Editor’s Introduction

by Julián Serna1

Figure 1. Alfredo Greñas. Un penitente (1892). El Barbero n° 5 (April 24, 1892): 1. Biblioteca Nacional de Colombia. Photo by the author, 2021.

In 1892, the Colombian political cartoonist Alfredo Greñas (1852–1949) published the back of an engraving plate as a sign of protest for the government censorship of his work (fig. 1).2 Un penitente (A penitent), a monochrome print with Catholic undertones in its title, is a testimony of how images not only represent the external world but function as active agents that allow us to understand our experience of reality. The image marks the immediate aftershock of a traumatic experience by representing a distressing act of censorship that vividly describes daily life in Colombia under the conservative dictatorship of the last decade of the nineteenth century. In this case, the author explains in the image caption that the print he prepared for the fifth issue of his newspaper, El Barbero, could not be published as the editorial board was forced to directly impose the government’s prohibition on the distribution of satirical images.3 Even though at that moment no laws were censoring the free press, the police directly threatened Greñas with severe penalties. In response to this illegal official repression, the cartoonist denounced this silencing by depicting an eloquent image of the censoring act.4

Greñas’s absent image of a penitent comes to mind when thinking about trauma and the role of art in actively constructing an aftershock of this censoring event. Only through representations of traumatic experiences can memories of such occurrences be articulated in the present. By visualizing the official suppression via a public image, Greñas made the space to have a critical distance from the violent act through its narration.5 Only through this suggestive depiction of the official silencing do we know about this event today, as we are able to imagine the violence of the Latin-American strongmen governing the different countries of the hemisphere in the second half of the nineteenth century. My republishing of Greñas’s eloquent silence is a small homage to the harsh experiences we have collectively felt since the start of the COVID-19 pandemic: an ongoing series of events that seems so overwhelming that it eludes any satisfactory form of representation. Consequently, as we seek to engage with the convoluted and complex events of our recent past, looking back at earlier examples from different parts of the world can be a way for us to learn to confront the remains of a complicated and painful experience.

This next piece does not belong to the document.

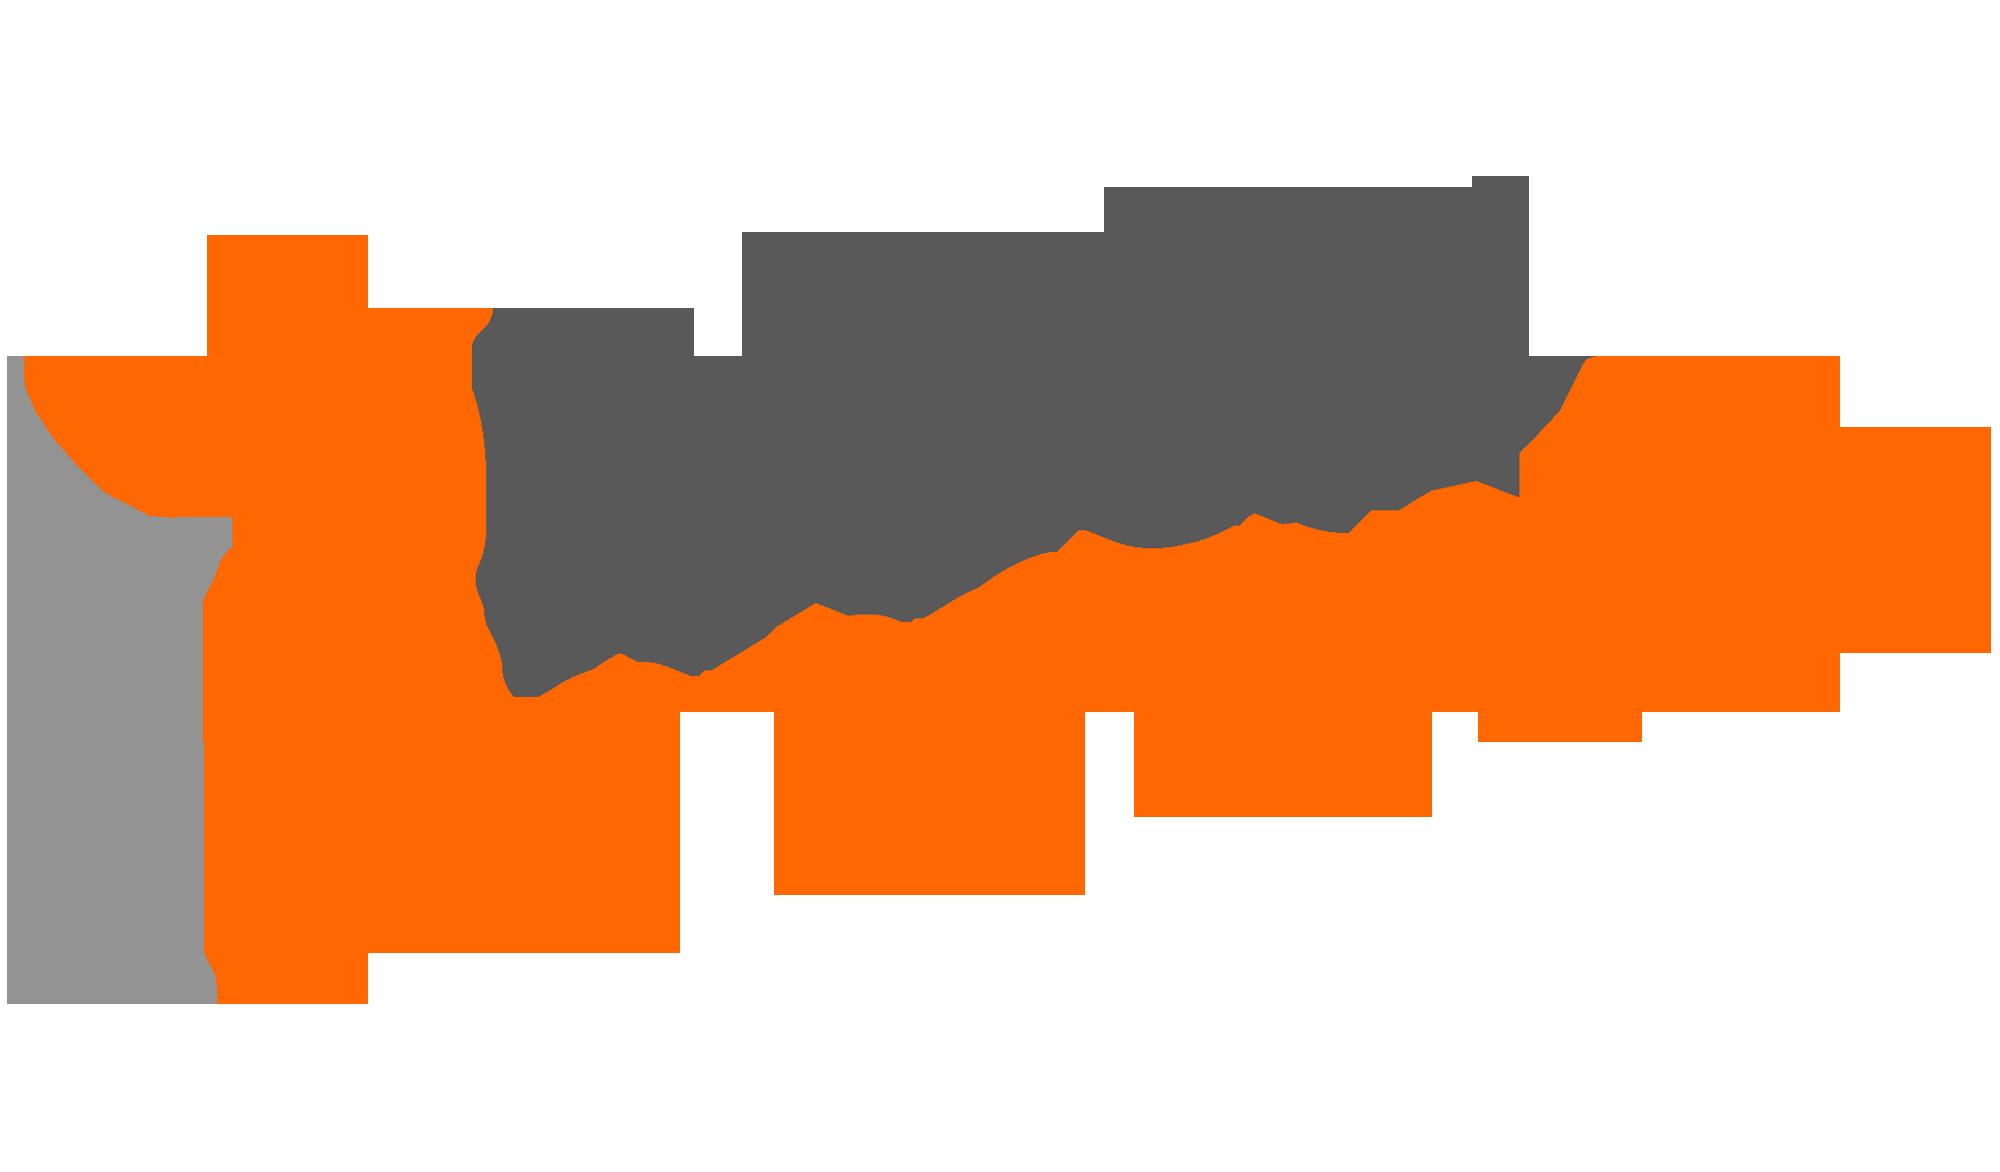 napoje logo

The past two years have been difficult not only because of an ongoing pandemic but because we have been dealing with several other unfolding calamities, including climate change; the consequences of the withdrawal of the twenty-year military occupation of Afghanistan; the United States Capitol takeover during the transition of presidential power; and worldwide social and political unrest that locally has taken the form of the Black Lives Matter movement and other social justice movements. For many, these events have been painful experiences, while for others they may have fostered reevaluations of the importance of the social bonds that compose one’s life. What is clear is that together we have experienced history in the making. Surely, it is not an understatement that the events related to a worldwide health crisis have affected us on a personal and a collective level. Consequently, many of us are asking: how will the experience of the past two years be remembered?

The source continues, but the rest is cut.